** GIVEN RECORDS follows **

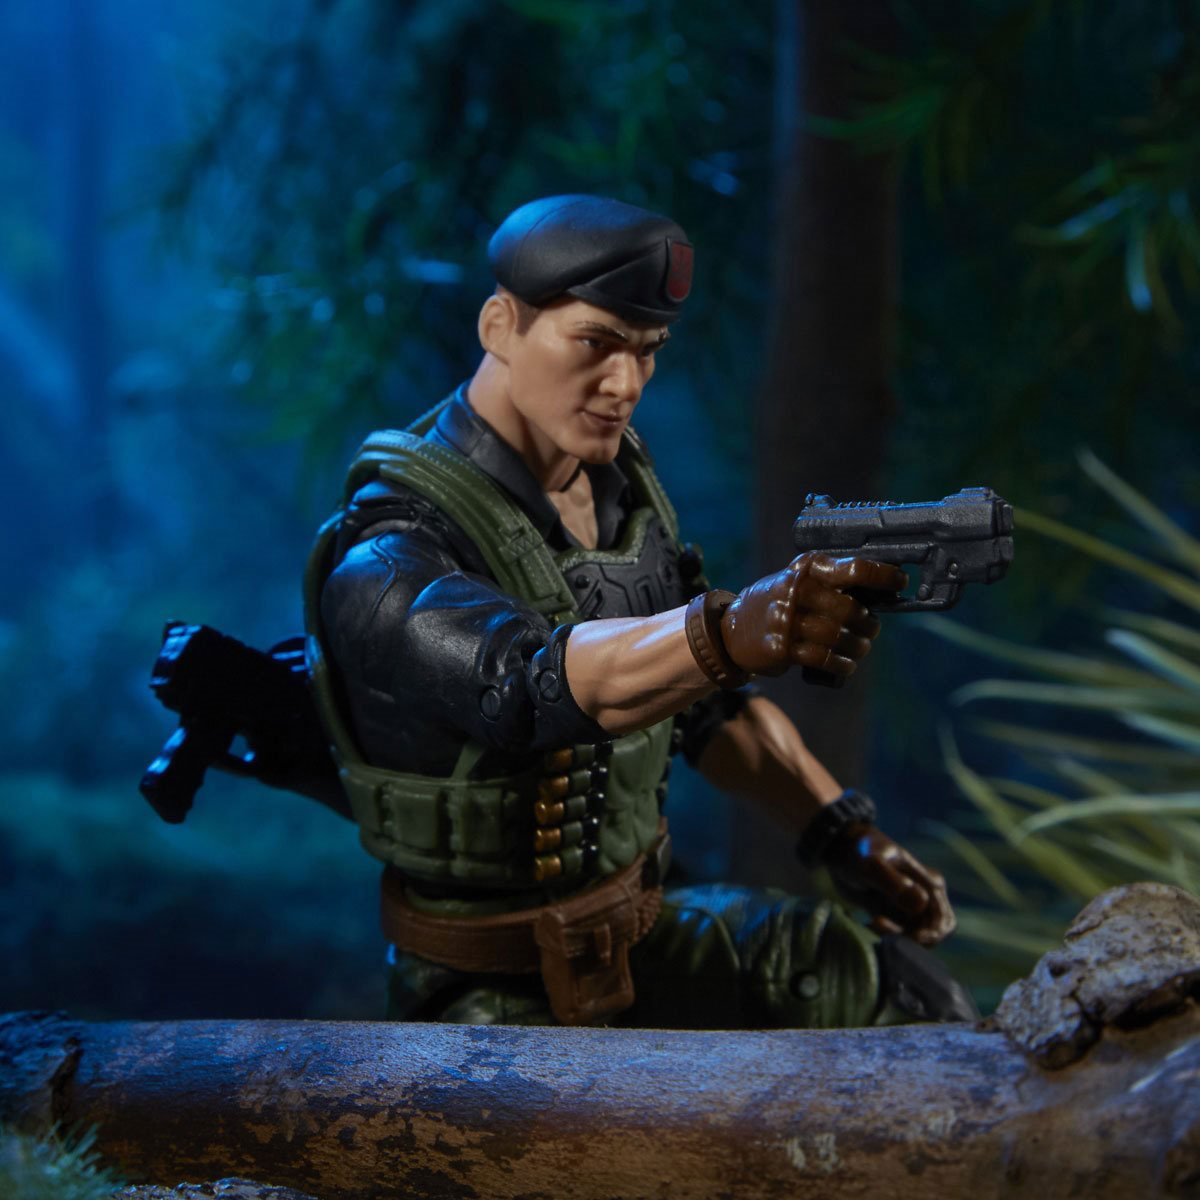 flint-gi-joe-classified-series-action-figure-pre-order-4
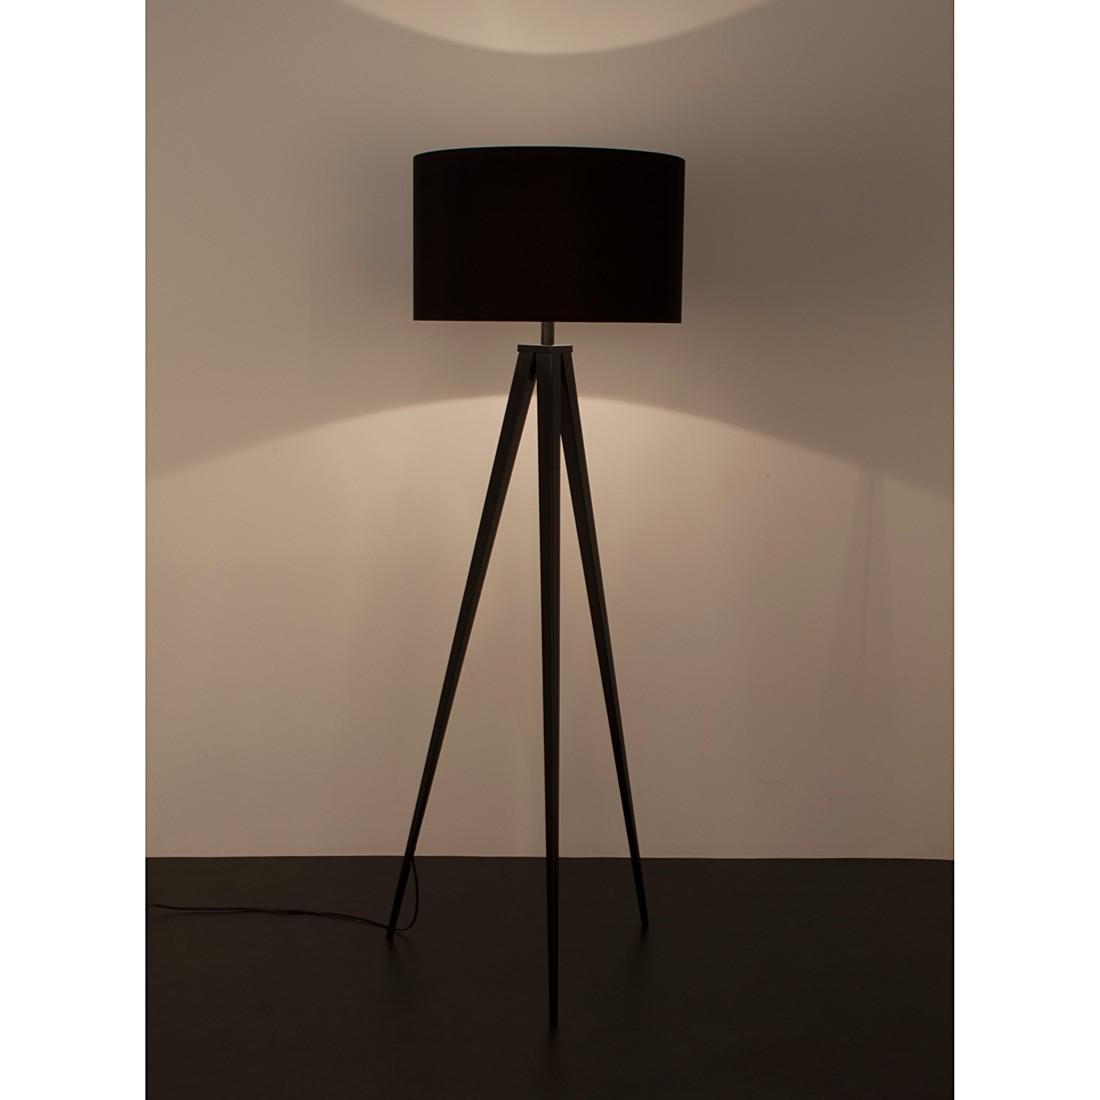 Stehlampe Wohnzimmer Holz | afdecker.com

** End of GIVEN RECORDS **
** GIVEN RECORDS follows **

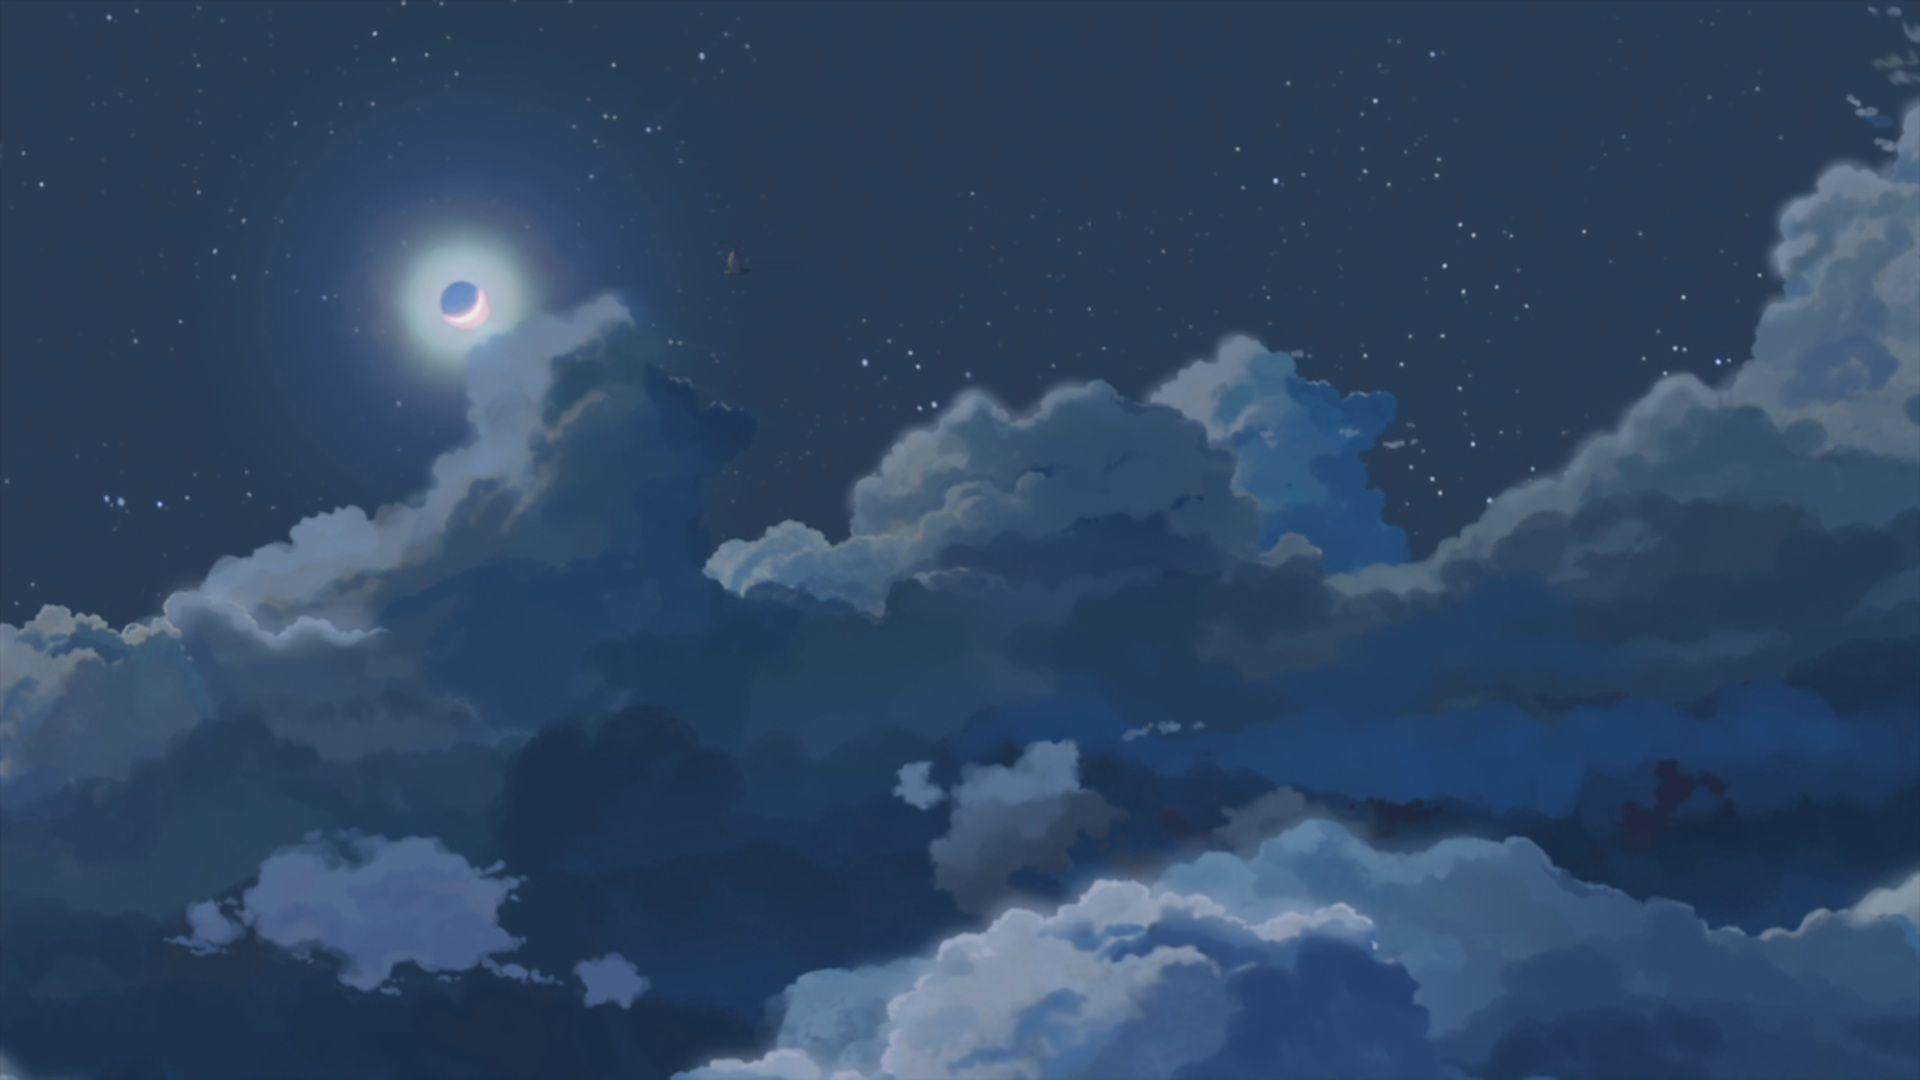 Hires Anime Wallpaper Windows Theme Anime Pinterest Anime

** End of GIVEN RECORDS **

ACTIVITY -
The material above holds pictures; leave them out and set down exactly the lines from the line with "flint-gi-joe-classified-series-action-figure-pre-order-4" to the line with "Stehlampe Wohnzimmer Holz | afdecker.com", both included.

WORKED SOLUTION -
 flint-gi-joe-classified-series-action-figure-pre-order-4
 Stehlampe Wohnzimmer Holz | afdecker.com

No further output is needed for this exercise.